使用Tensorflow 2的Keras函数式API时传递`training=true`的含义

Question

使用Tensorflow 2的Keras函数式API时传递`training=true`的含义

pythontensorflowkerastensorflow2.0tf.keras

10

在TF1中以图形模式运行时，我认为我需要通过feeddicts连接training=True和training=False，当我使用函数式API时。在TF2中，正确的做法是什么？

我认为在使用tf.keras.Sequential时，这会自动处理。
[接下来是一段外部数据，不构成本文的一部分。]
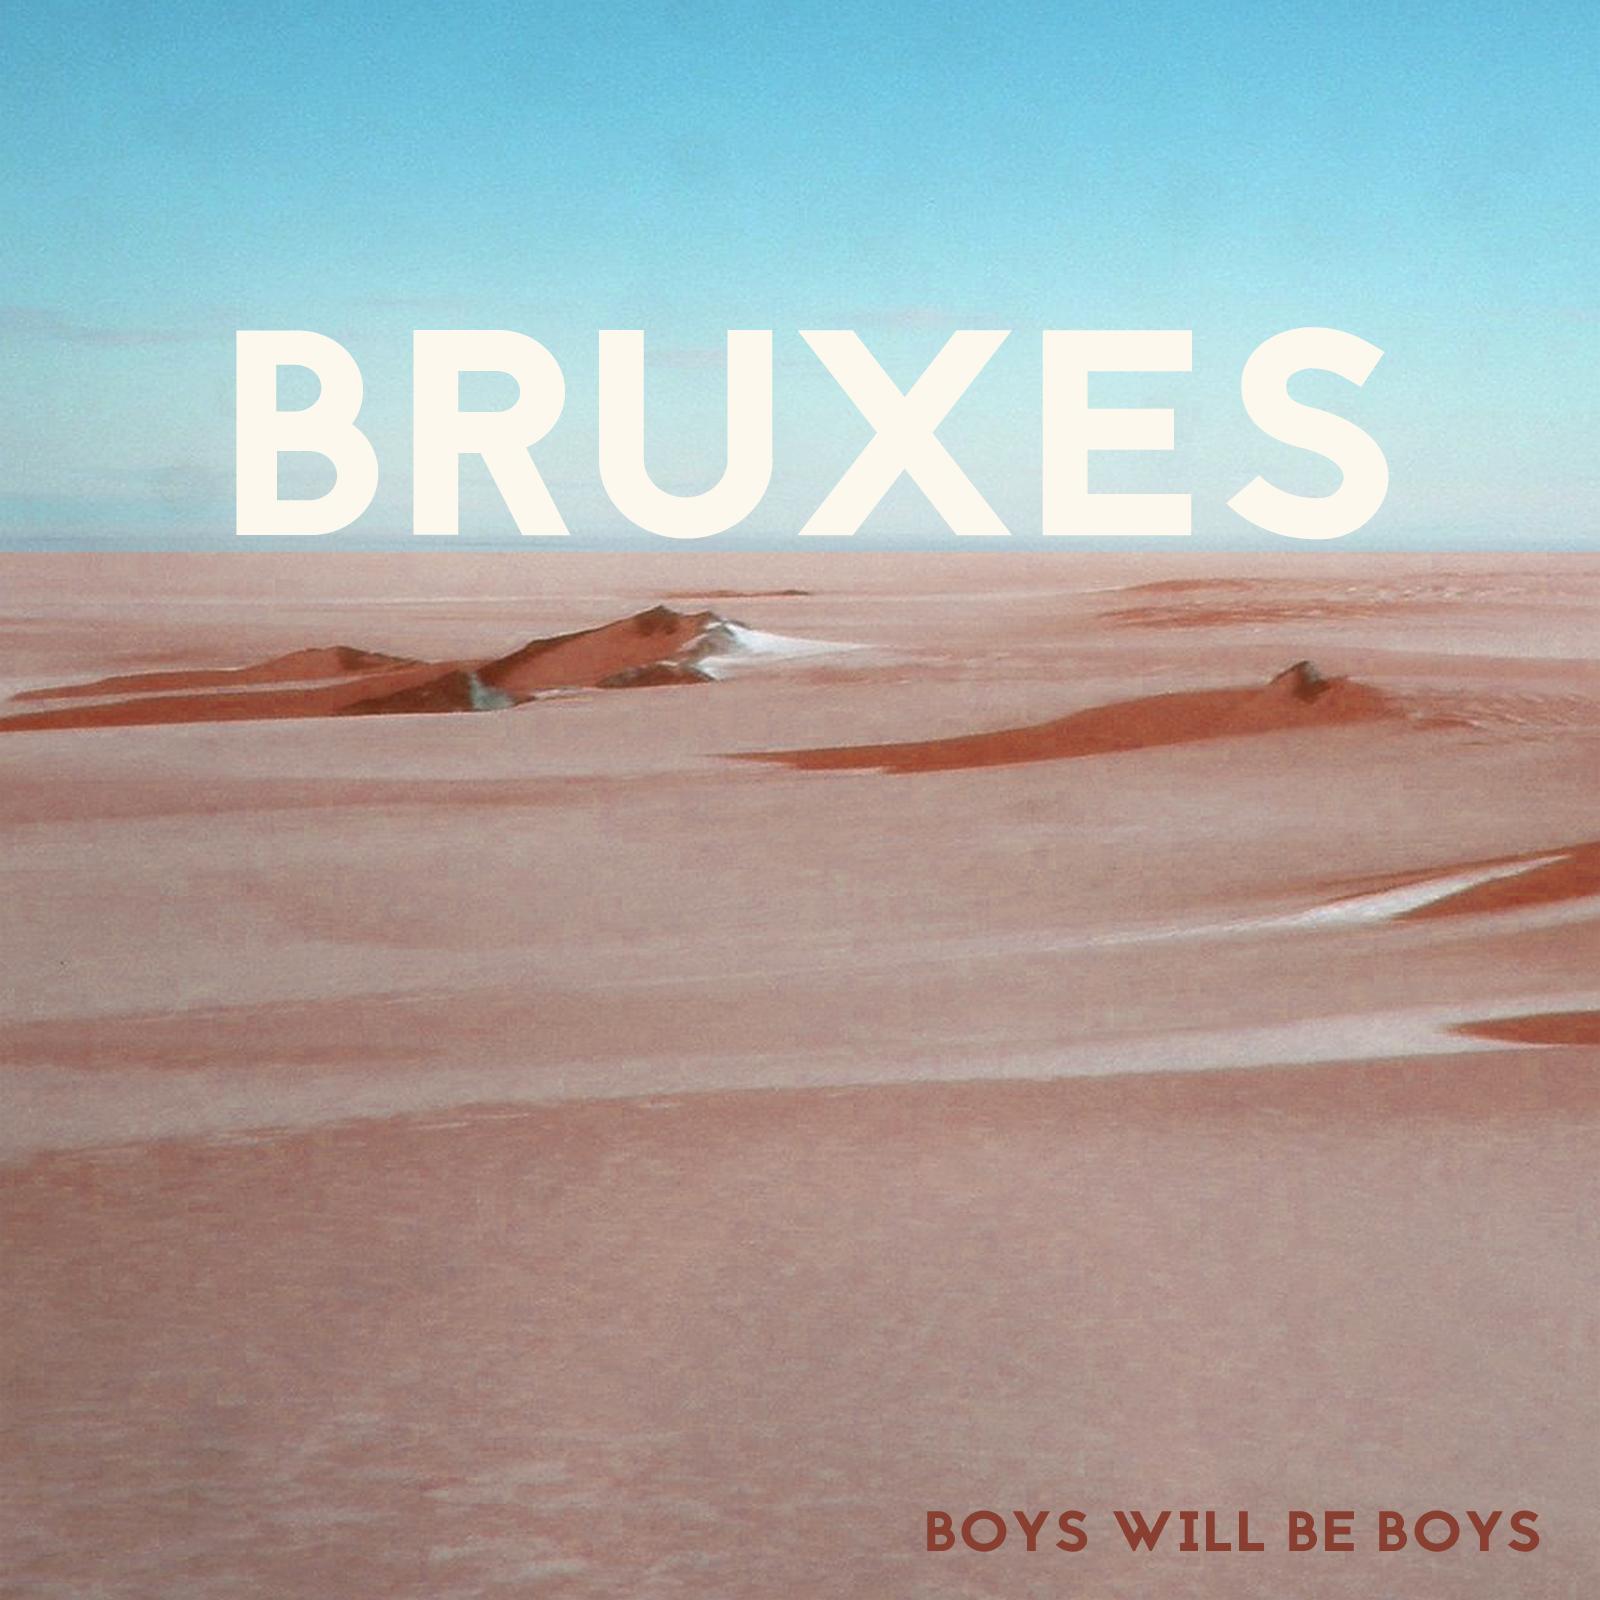 BRUXES - 'Boys Will Be Boys' EP

例如，我不需要在以下示例中指定training，来自docs：

model = tf.keras.Sequential([
    tf.keras.layers.Conv2D(32, 3, activation='relu',
                           kernel_regularizer=tf.keras.regularizers.l2(0.02),
                           input_shape=(28, 28, 1)),
    tf.keras.layers.MaxPooling2D(),
    tf.keras.layers.Flatten(),
    tf.keras.layers.Dropout(0.1),
    tf.keras.layers.Dense(64, activation='relu'),
    tf.keras.layers.BatchNormalization(),
    tf.keras.layers.Dense(10, activation='softmax')
])

# Model is the full model w/o custom layers
model.compile(optimizer='adam',
              loss='sparse_categorical_crossentropy',
              metrics=['accuracy'])

model.fit(train_data, epochs=NUM_EPOCHS)
loss, acc = model.evaluate(test_data)
print("Loss {:0.4f}, Accuracy {:0.4f}".format(loss, acc))
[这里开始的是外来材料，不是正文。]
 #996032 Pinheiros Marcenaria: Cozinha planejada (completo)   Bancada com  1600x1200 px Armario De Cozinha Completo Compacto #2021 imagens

我可以假设使用函数式API进行训练时，Keras会自动处理这个问题吗？下面是使用函数式API重写的相同模型：

inputs = tf.keras.Input(shape=((28,28,1)), name="input_image")
hid = tf.keras.layers.Conv2D(32, 3, activation='relu',
                           kernel_regularizer=tf.keras.regularizers.l2(0.02),
                           input_shape=(28, 28, 1))(inputs)
hid = tf.keras.layers.MaxPooling2D()(hid)
hid = tf.keras.layers.Flatten()(hid)
hid = tf.keras.layers.Dropout(0.1)(hid)
hid = tf.keras.layers.Dense(64, activation='relu')(hid)
hid = tf.keras.layers.BatchNormalization()(hid)
outputs = tf.keras.layers.Dense(10, activation='softmax')(hid)
model_fn = tf.keras.Model(inputs=inputs, outputs=outputs)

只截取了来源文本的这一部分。